Unopened, spine intact. This isn’t nostalgia. It’s archaeology with better lighting.
The Competitor doesn’t just play ranked. They study VODs from 2019 regional finals. They time their jump cancels down to the millisecond.
If your idea of fun is losing 17 straight matches to learn a new character’s punish window. Yeah, that’s you.
The Creator doesn’t wait for permission. They cut a 22-minute YouTube essay on why Celeste’s assist mode reshaped accessibility discourse. They drop a Discord bot that parses Twitch chat into real-time sentiment heatmaps.
They draw fan art of Stardew Valley NPCs in Art Deco style. And post it on Tumblr at 3 a.m.

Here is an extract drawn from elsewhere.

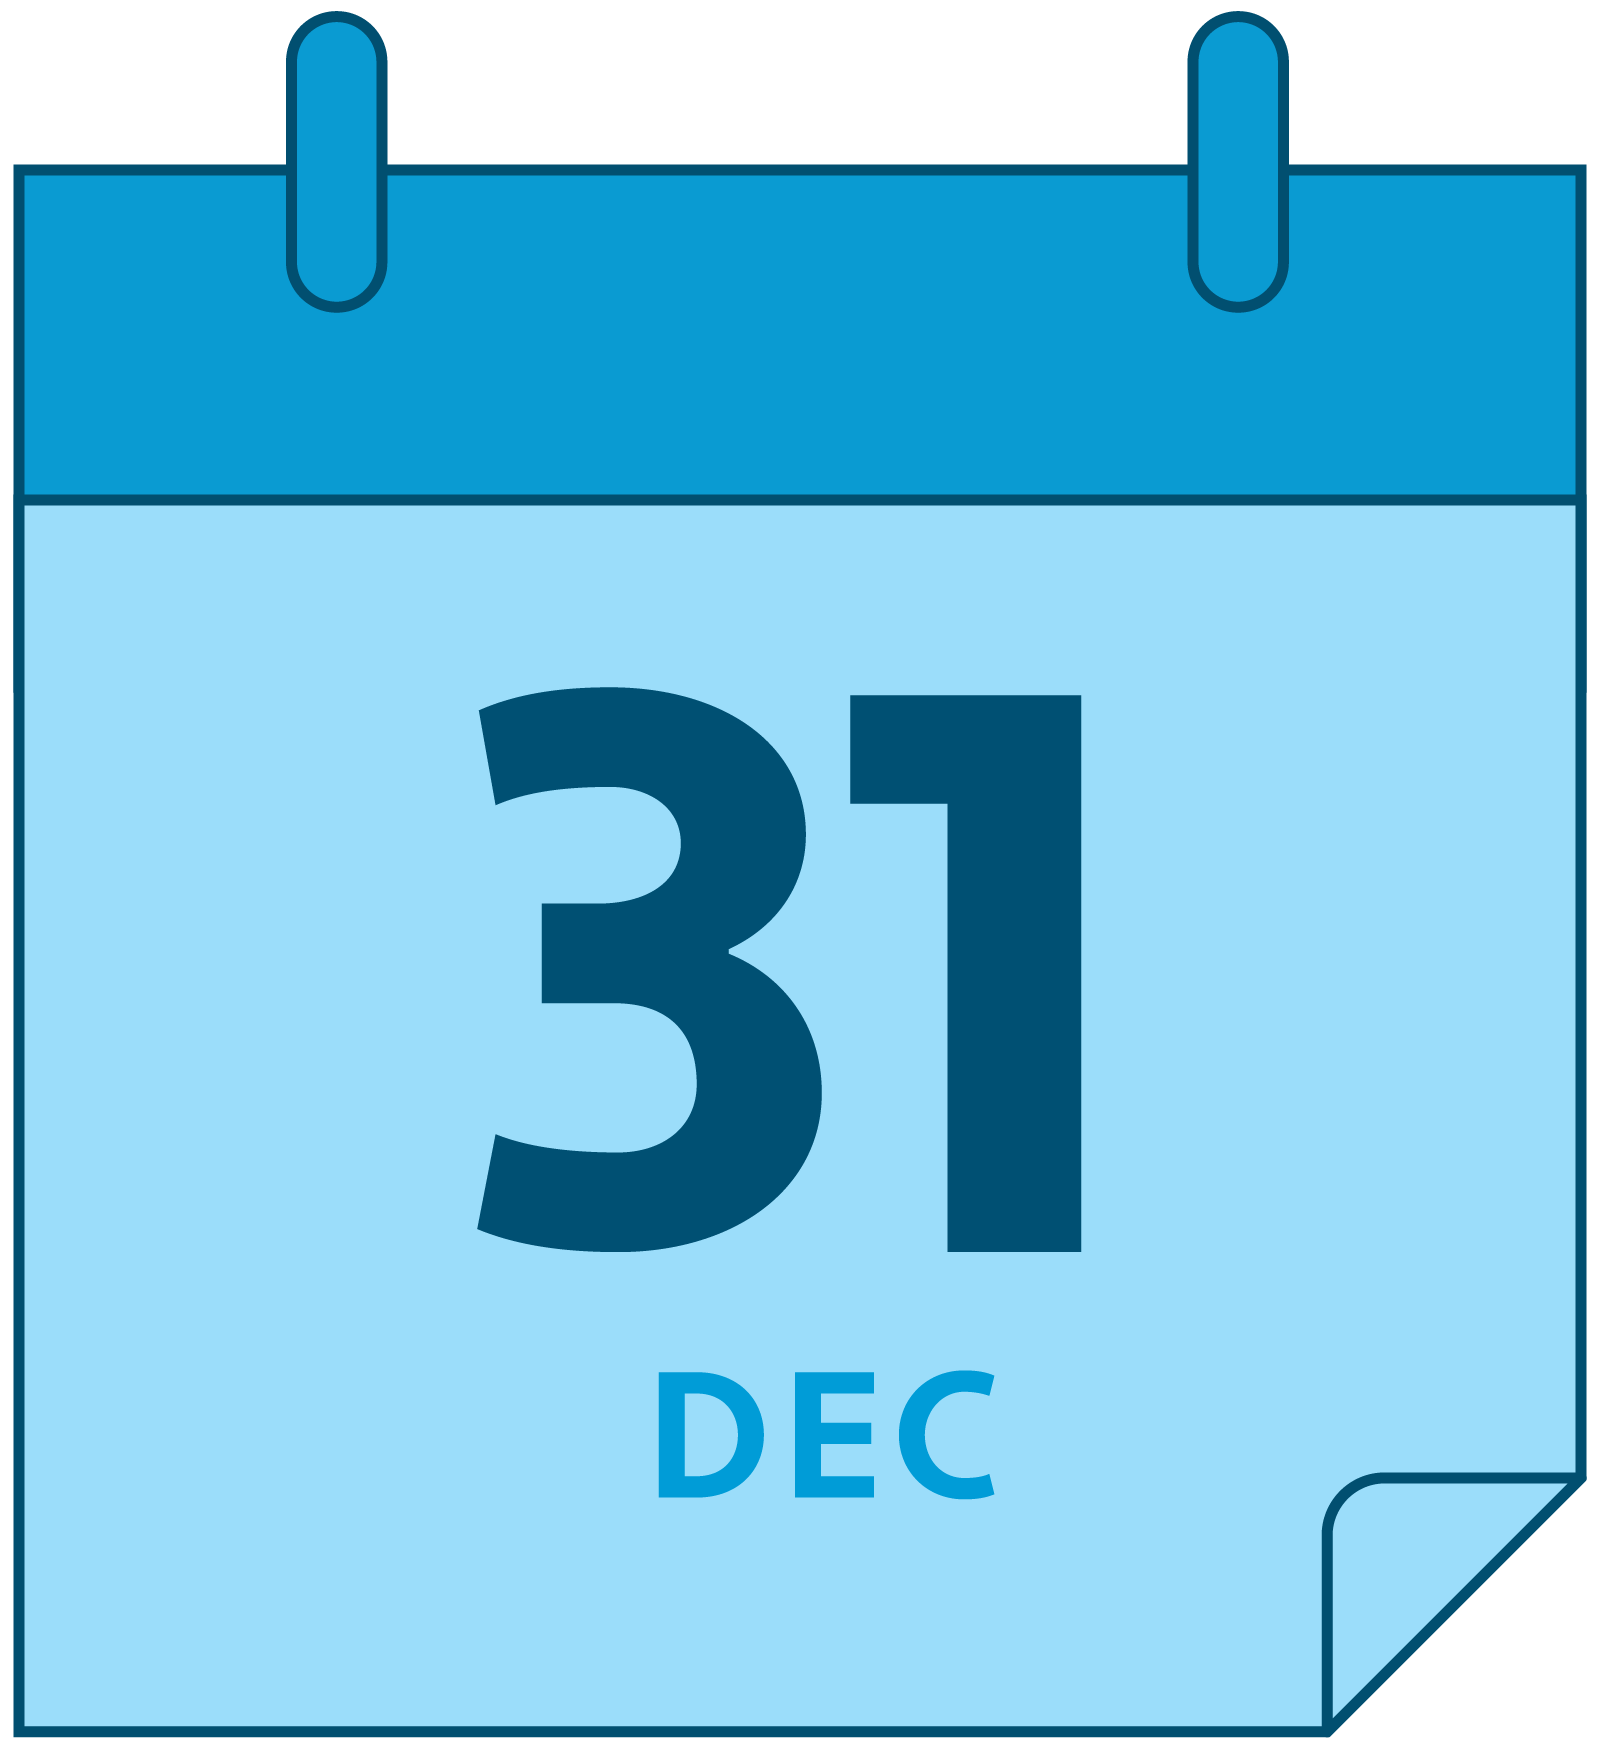 A day-to-day calendar dated December 31.

The Explorer chases novelty like oxygen. They’ll try a game where you play as a sentient landfill. They’ve beaten Getting Over It twice just to see what happens when you click the credits button three times fast.
They read the Jogameplayer gaming system reviews by javaobjects page before buying any emulator-compatible hardware (because) someone actually tested the input lag on real CRTs.
Which one are you?
Or are you lying to yourself?
How to Actually Get Better at Your Hobby

I used to think passion was enough.
It’s not.
For the aspiring Historian: Watch High Score on Netflix. Then go straight to Gaming Historian on YouTube. Start a collection.
But only of one thing. Box art from 1990 (1995) games. Or manuals.
Or cartridge labels. Pick one. Stick to it.
(You’ll learn more from ten focused items than fifty random ones.)
For the budding Competitor: Join the Smash Ultimate Discord. Not the big one. The regional one for your state.
Find a local tournament. Even if you lose every match. Or sign up for a free coaching session on Start.gg’s community board.
You won’t improve by watching streams. You’ll improve by playing people who push you.
For the future Creator: Download DaVinci Resolve. It’s free. It works.
Or try Twine (no) coding, just storytelling logic. Then pick one game mechanic you love. Like how Celeste handles air dashes.
Analyze it. Write 200 words. Stop there.
Don’t build a game yet. Just understand why that one thing feels good.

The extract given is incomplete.